后退效率(未)-经调整的罗森鲍姆在随机化实验中 (Efficiency of Regression (Un)-Adjusted Rosenbaum's Rank-based Estimator in Randomized Experiments)

A completely randomized experiment allows us to estimate the causal effect by the difference in the averages of the outcome under the treatment and control. But, difference-in-means type estimators behave poorly if the potential outcomes have a heavy-tail, or contain a few extreme observations or outliers. We study an alternative estimator by Rosenbaum that estimates the causal effect by inverting a randomization test using ranks. We study the asymptotic properties of this estimator and develop a framework to compare the efficiencies of different estimators of the treatment effect in the setting of randomized experiments. In particular, we show that the Rosenbaum estimator has variance that is asymptotically, in the worst case, at most about 1.16 times the variance of the difference-in-means estimator, and can be much smaller when the potential outcomes are not light-tailed. We further derive a consistent estimator of the asymptotic standard error for the Rosenbaum estimator which immediately yields a readily computable confidence interval for the treatment effect, thereby alleviating the expensive numerical calculations needed to implement the original proposal of Rosenbaum. Further, we propose a regression adjusted version of the Rosenbaum estimator to incorporate additional covariate information in randomization inference. We prove gain in efficiency by this regression adjustment method under a linear regression model. Finally, we illustrate through simulations that, unlike the difference-in-means based estimators, either unadjusted or regression adjusted, these rank-based estimators are efficient and robust against heavy-tailed distributions, contamination, and various model misspecifications.

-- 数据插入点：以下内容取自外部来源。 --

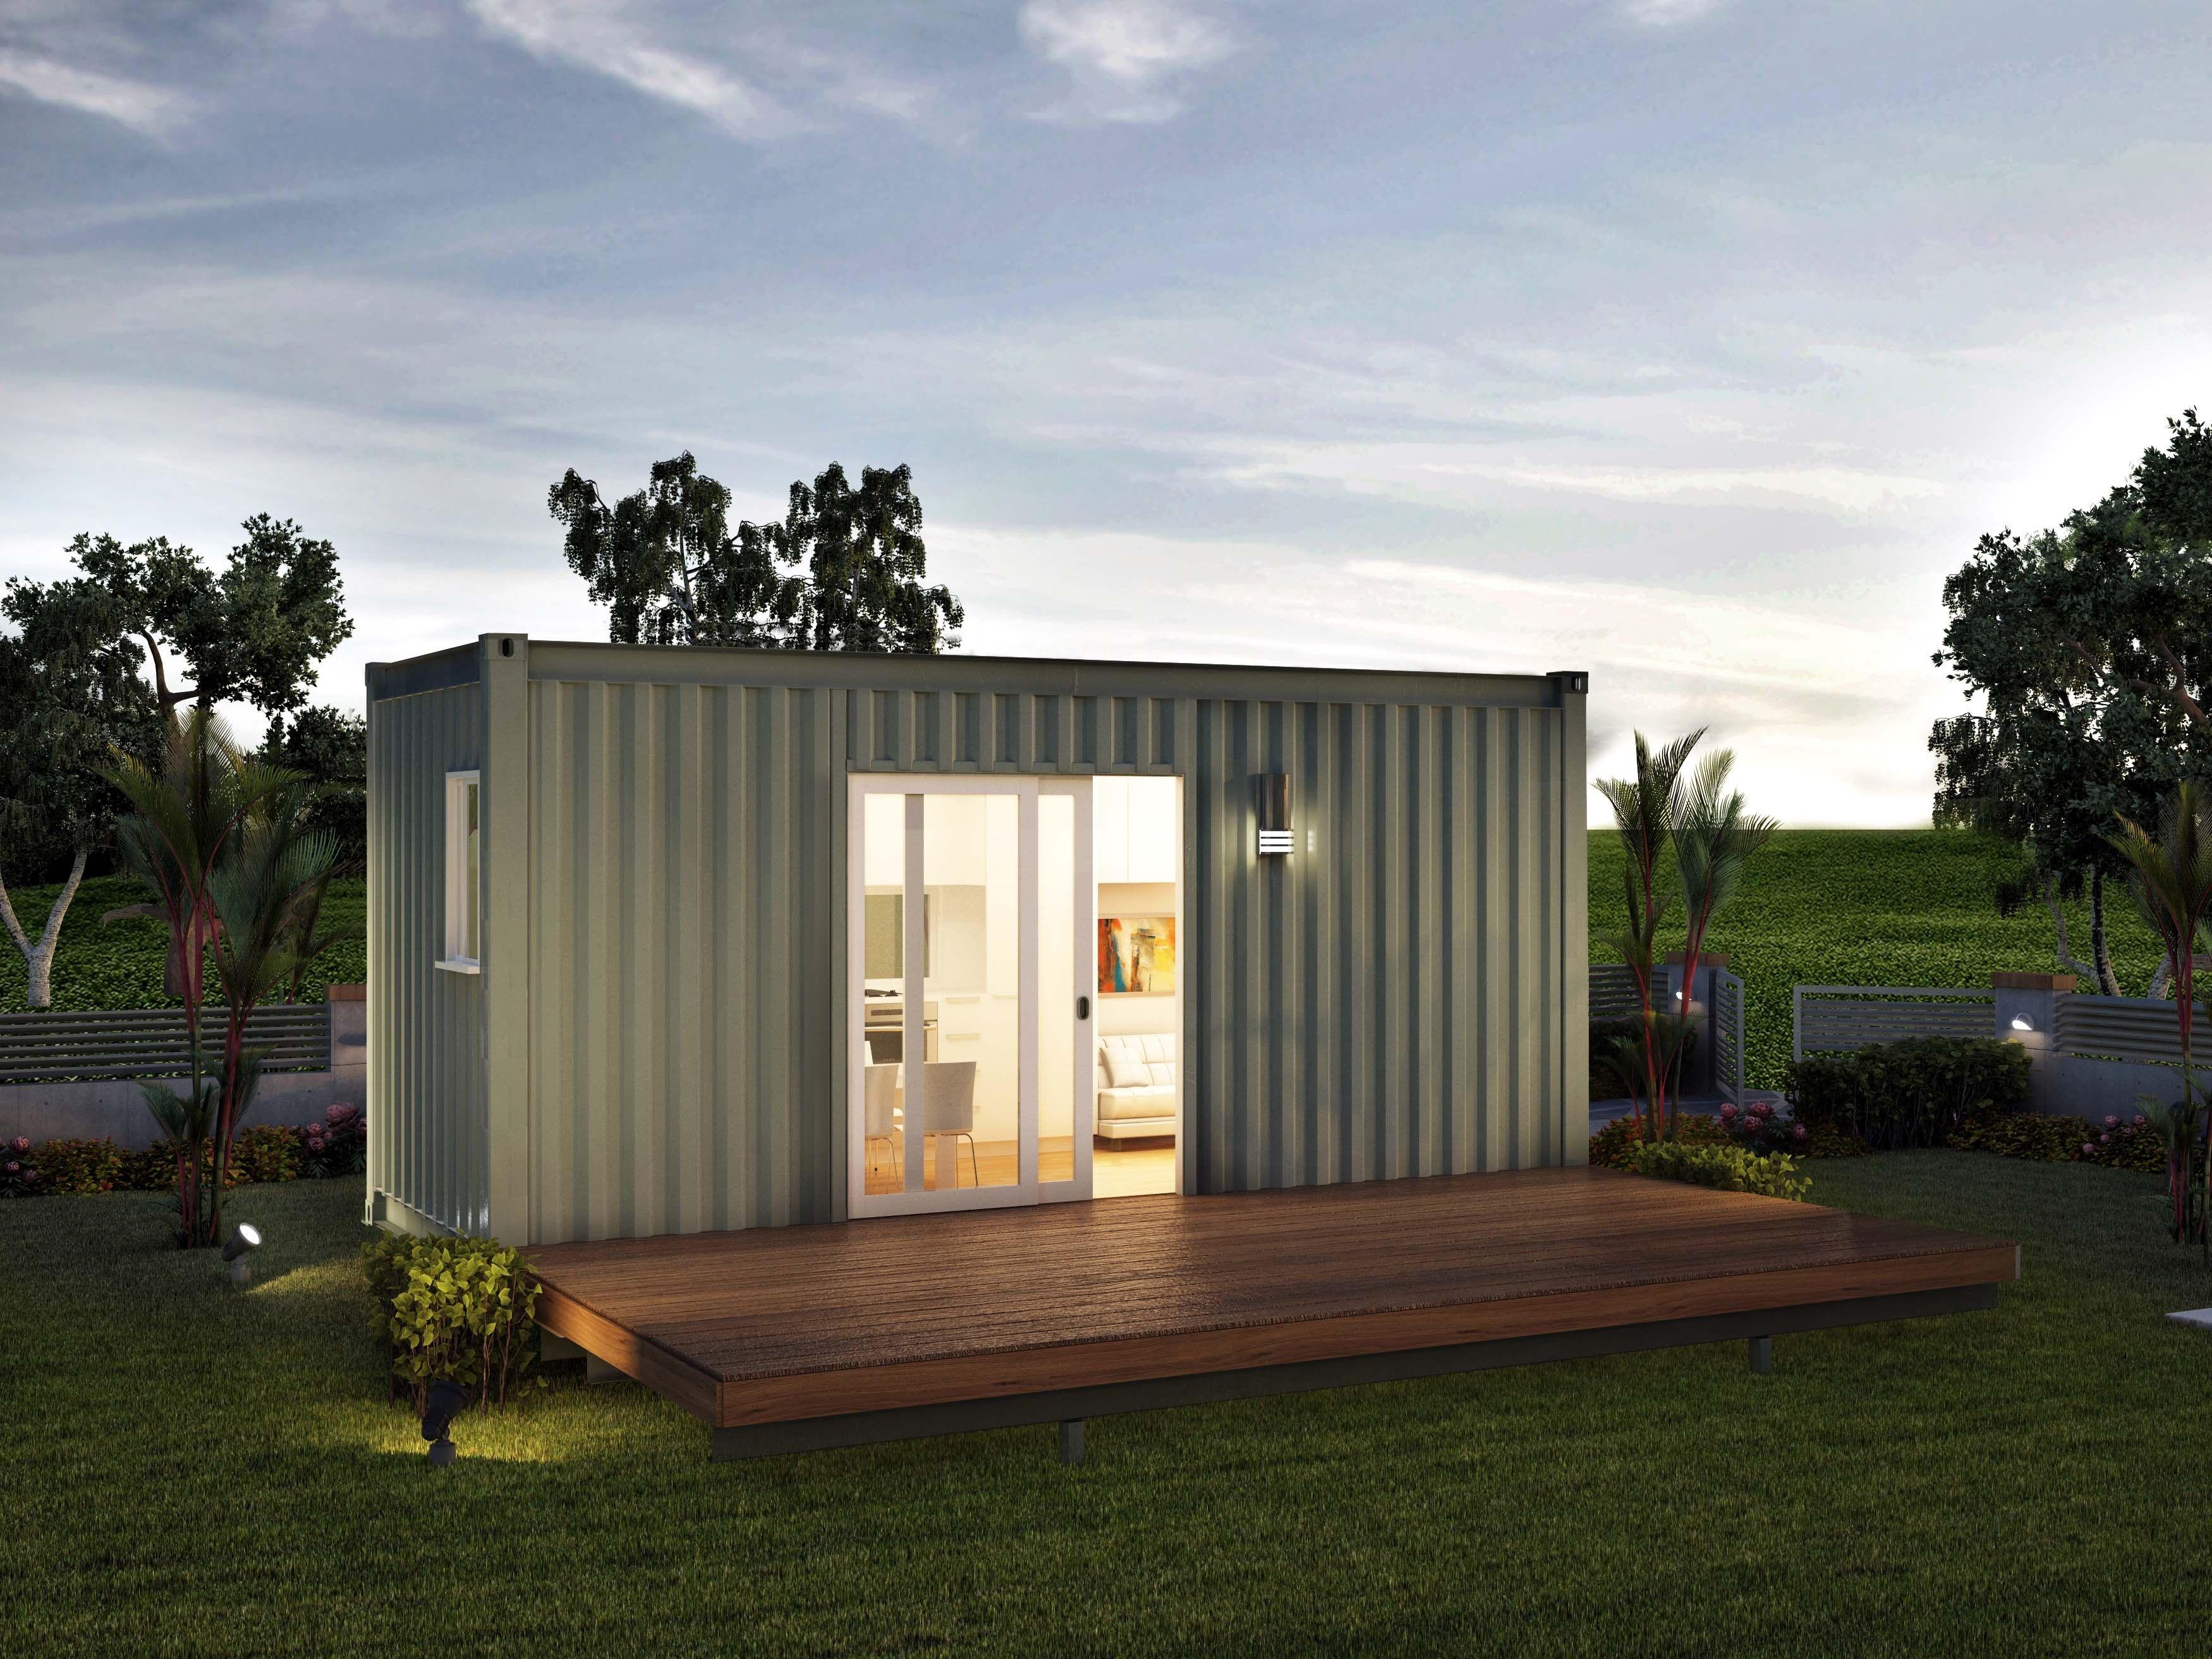 Nova Deko Granny Flat Studio Santa Fe Prefabricated One Bed Modular ...

翻译：完全随机的实验让我们可以估计结果在治疗和控制下结果平均值差异的因果关系。但是,如果潜在结果有重尾,或者含有一些极端的观察或外部值,那么,平均值差异的估测器表现不好。我们研究罗森堡的替代估测器,该估测器估计因随机测试使用等级而导致的因果关系。我们研究这个估测器的无症状特性,并开发一个框架,以比较在随机实验中测得治疗效果的不同估测器的效率。特别是,如果潜在结果有重尾数,或者包含一些极端的观察或外部值。我们研究一个替代的估测器,通过随机测算器的无症状标准错误来比较不同比率的处理效果。我们显示罗森堡的估测器要么是随机测算器, 从而在最坏的情况下, 将最贵的测算器的测算法纳入更贵的测算器, 并且通过更精确的测算法, 进一步推算出一个更精确的精确的测算法。